» **Supplied material**:

=======

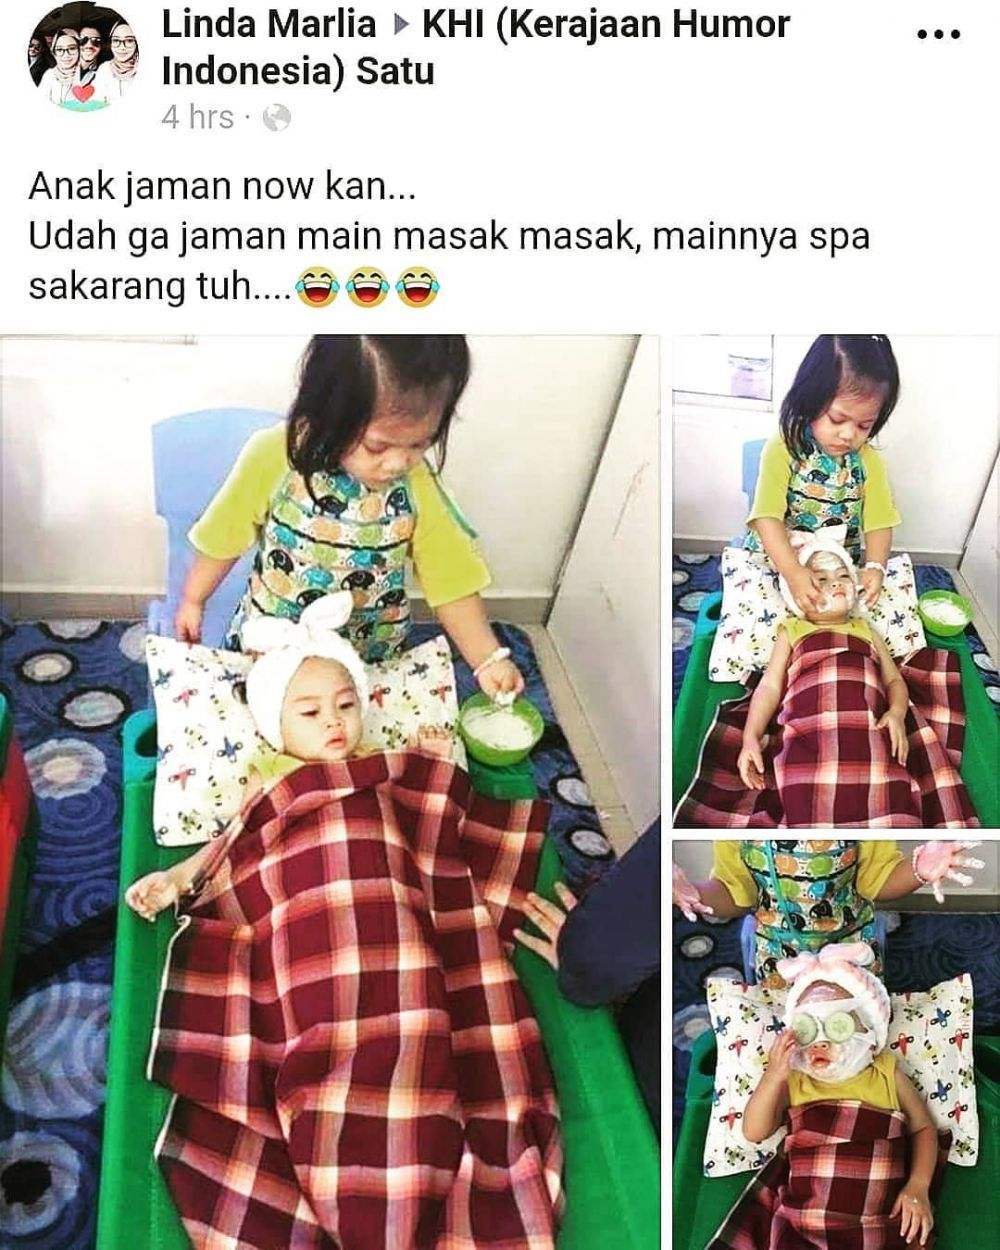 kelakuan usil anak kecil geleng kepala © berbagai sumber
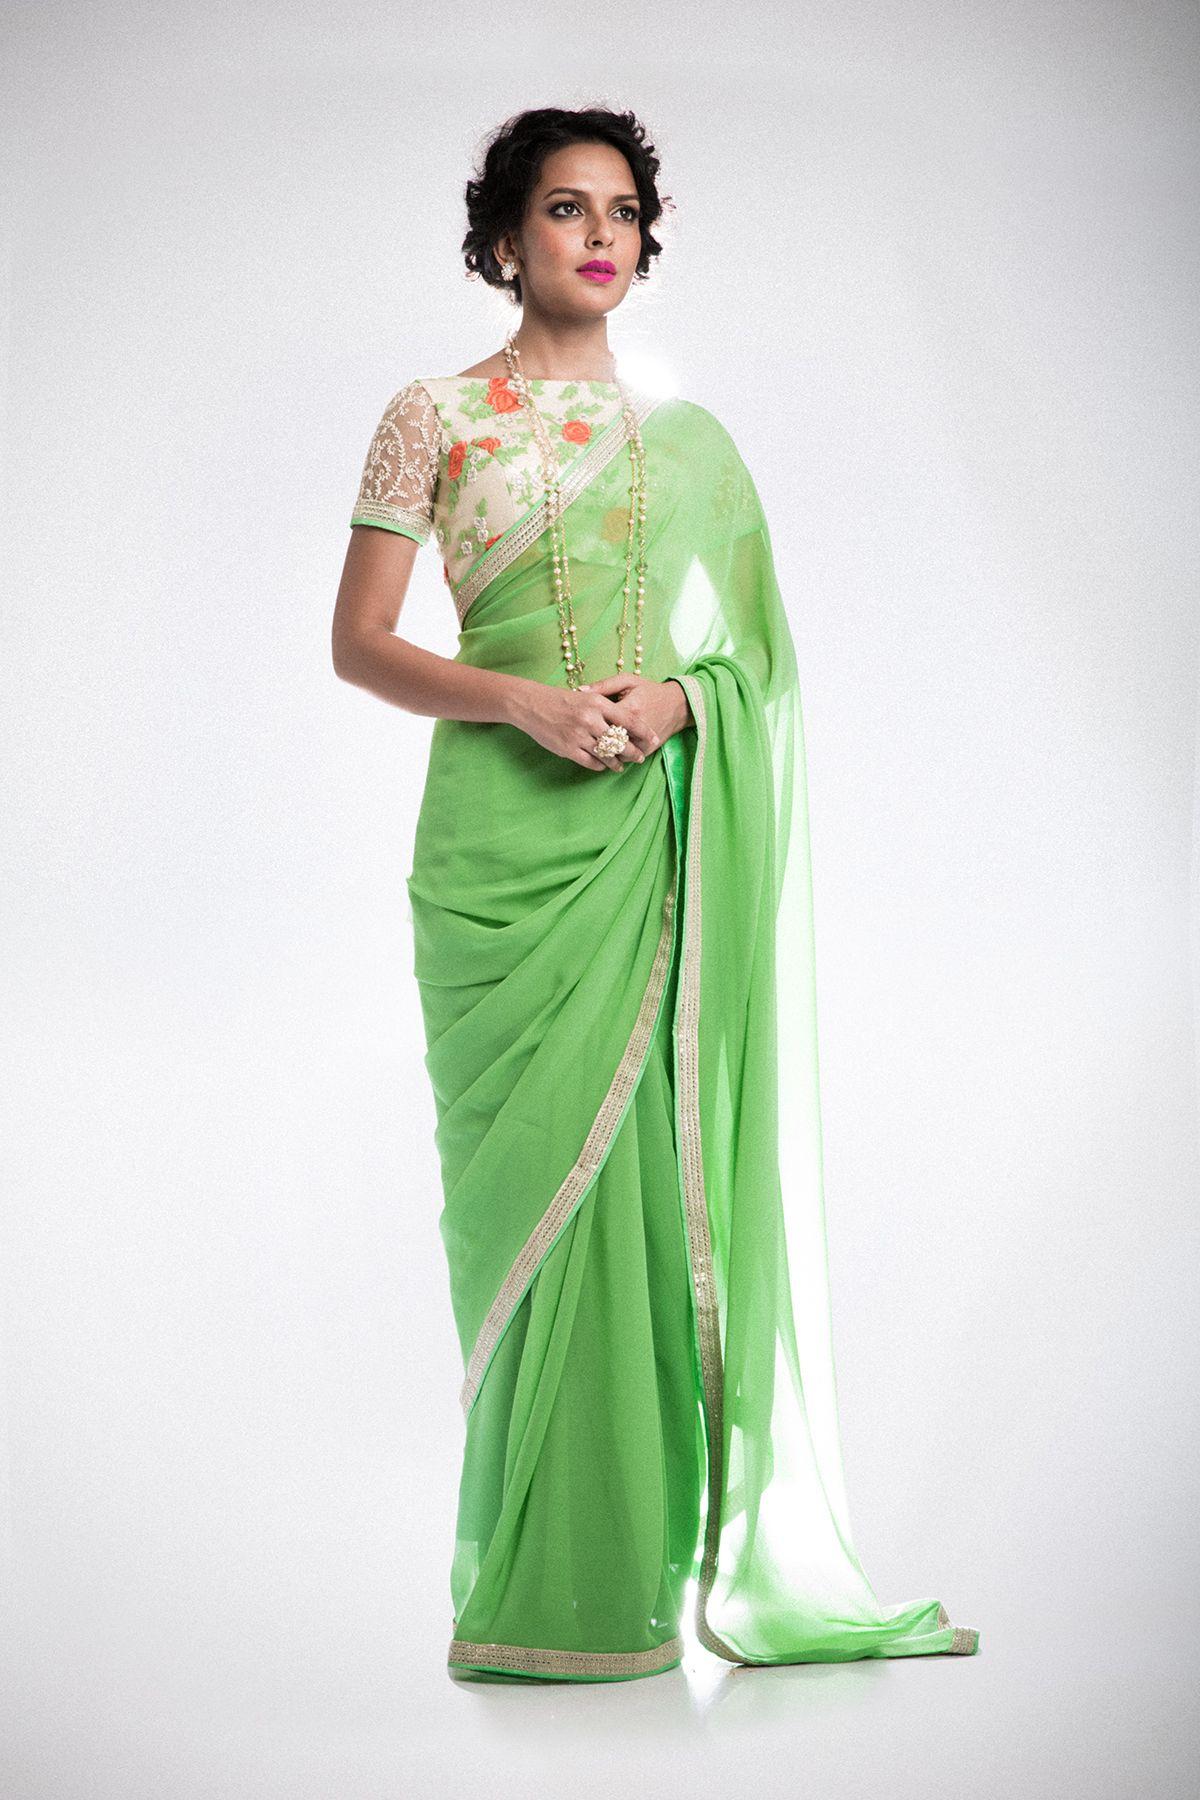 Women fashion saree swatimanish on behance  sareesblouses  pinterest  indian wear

=======

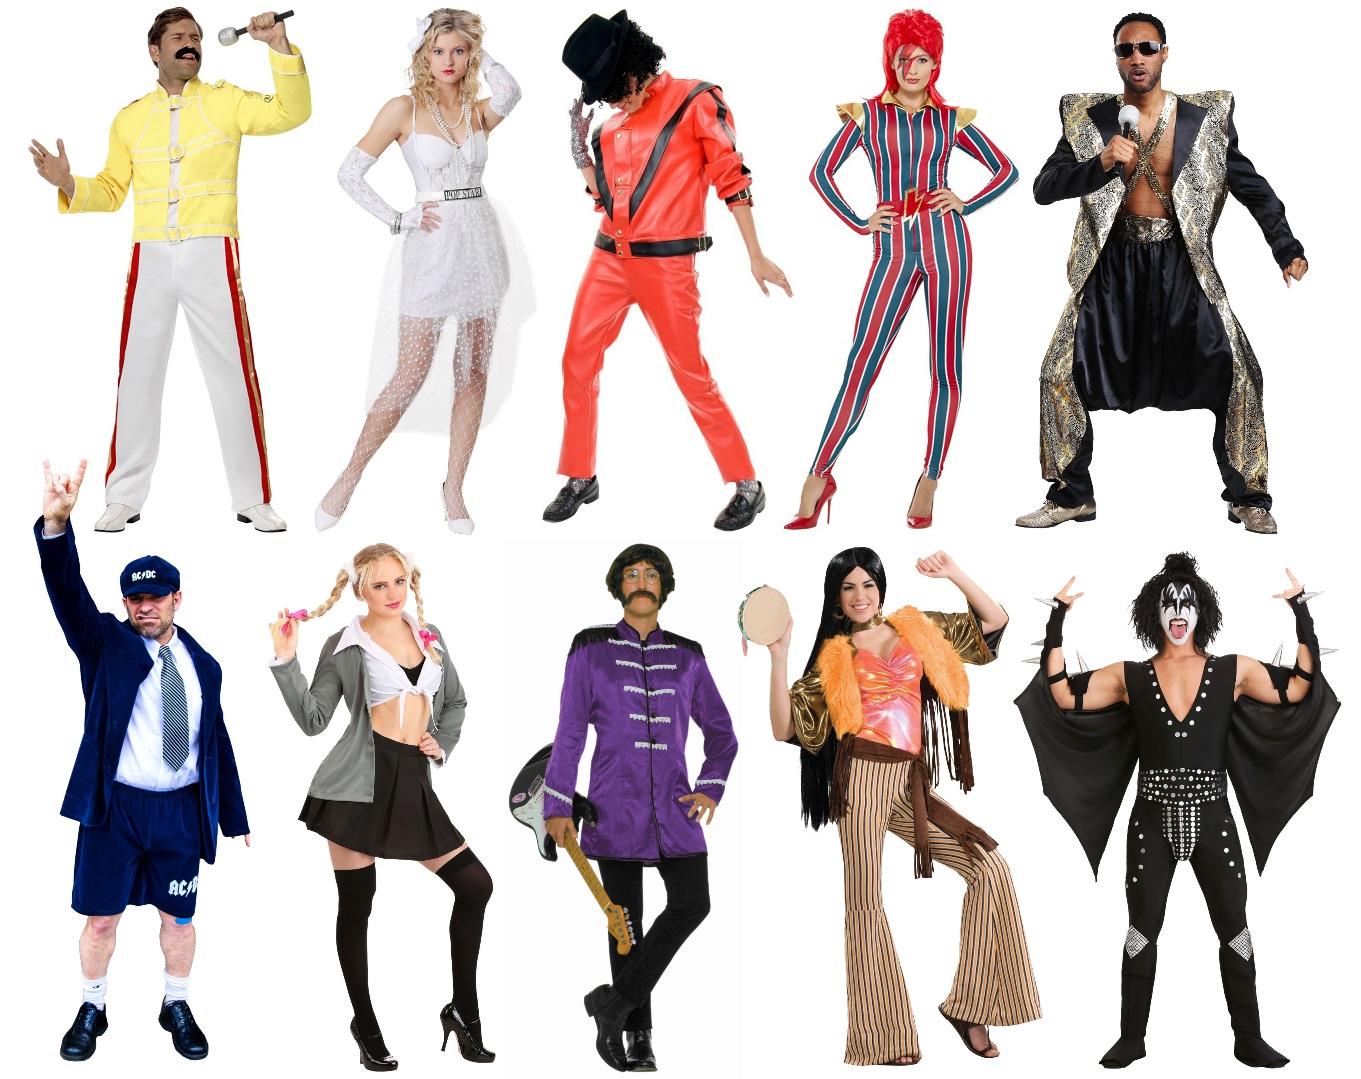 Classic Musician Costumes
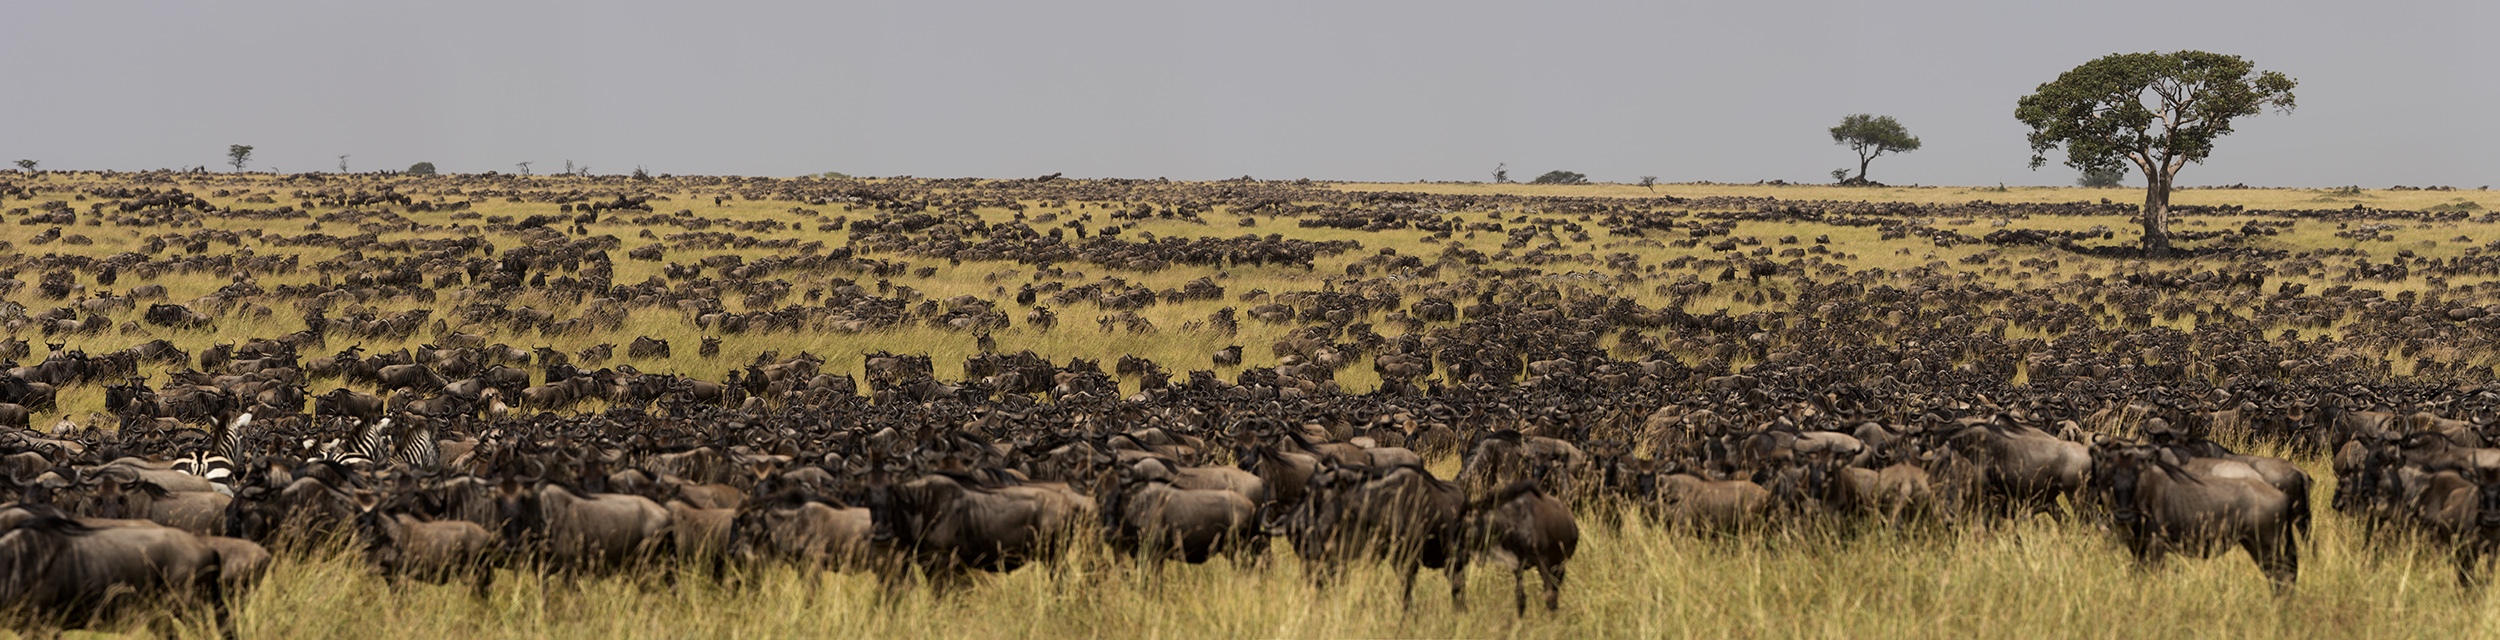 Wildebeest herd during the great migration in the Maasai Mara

=======

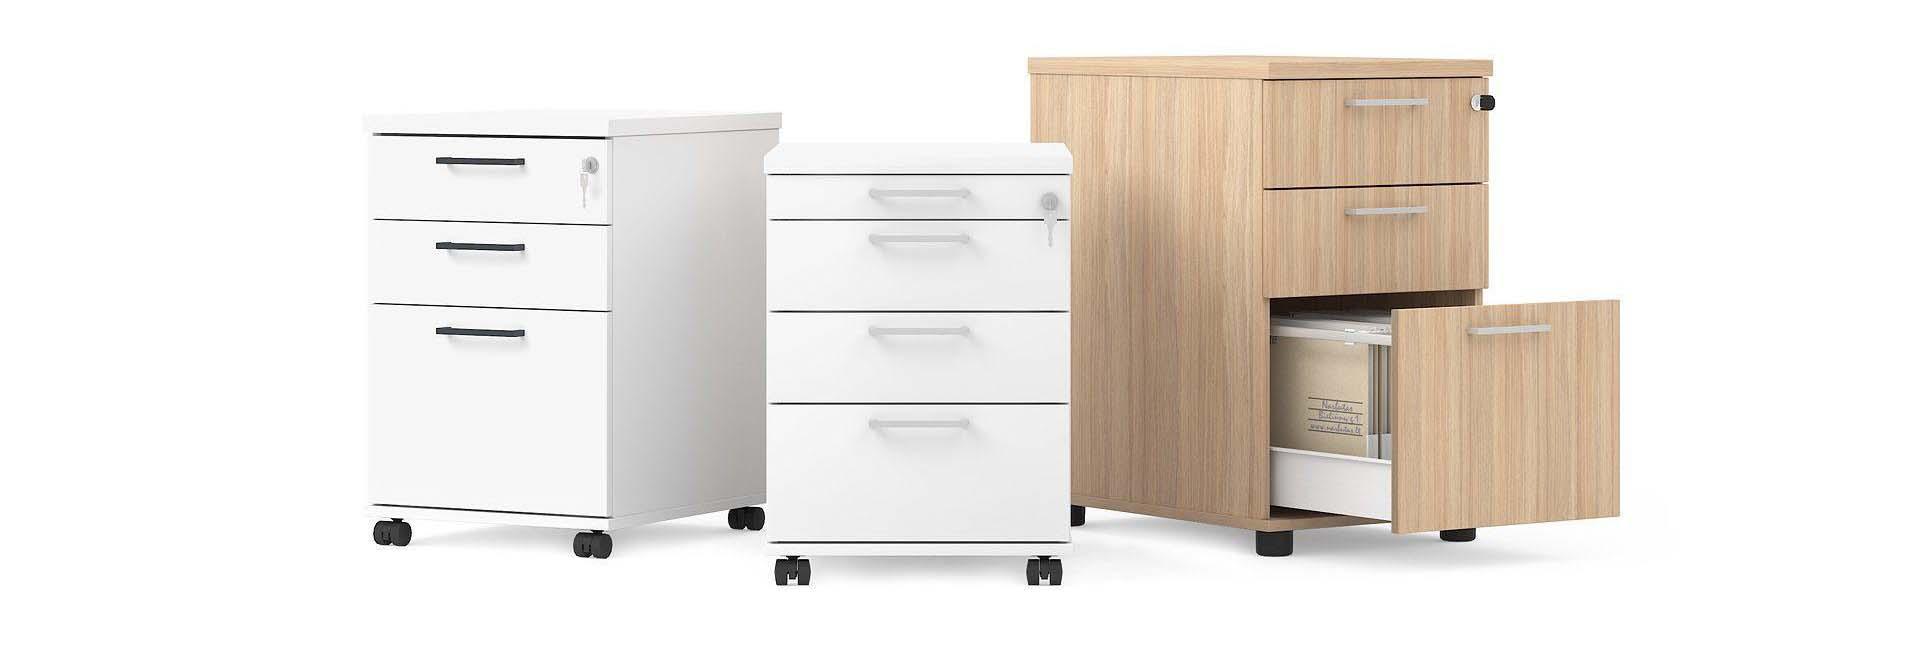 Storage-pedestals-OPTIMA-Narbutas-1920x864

=======

» **Activity**: Leave the pictures out, and transcribe exactly the lines above starting at the one that contains "kelakuan usil anak" and ending at the one that contains "Women fashion saree".

» **Solution to this exercise**:
 kelakuan usil anak kecil geleng kepala © berbagai sumber
 Women fashion saree swatimanish on behance  sareesblouses  pinterest  indian wear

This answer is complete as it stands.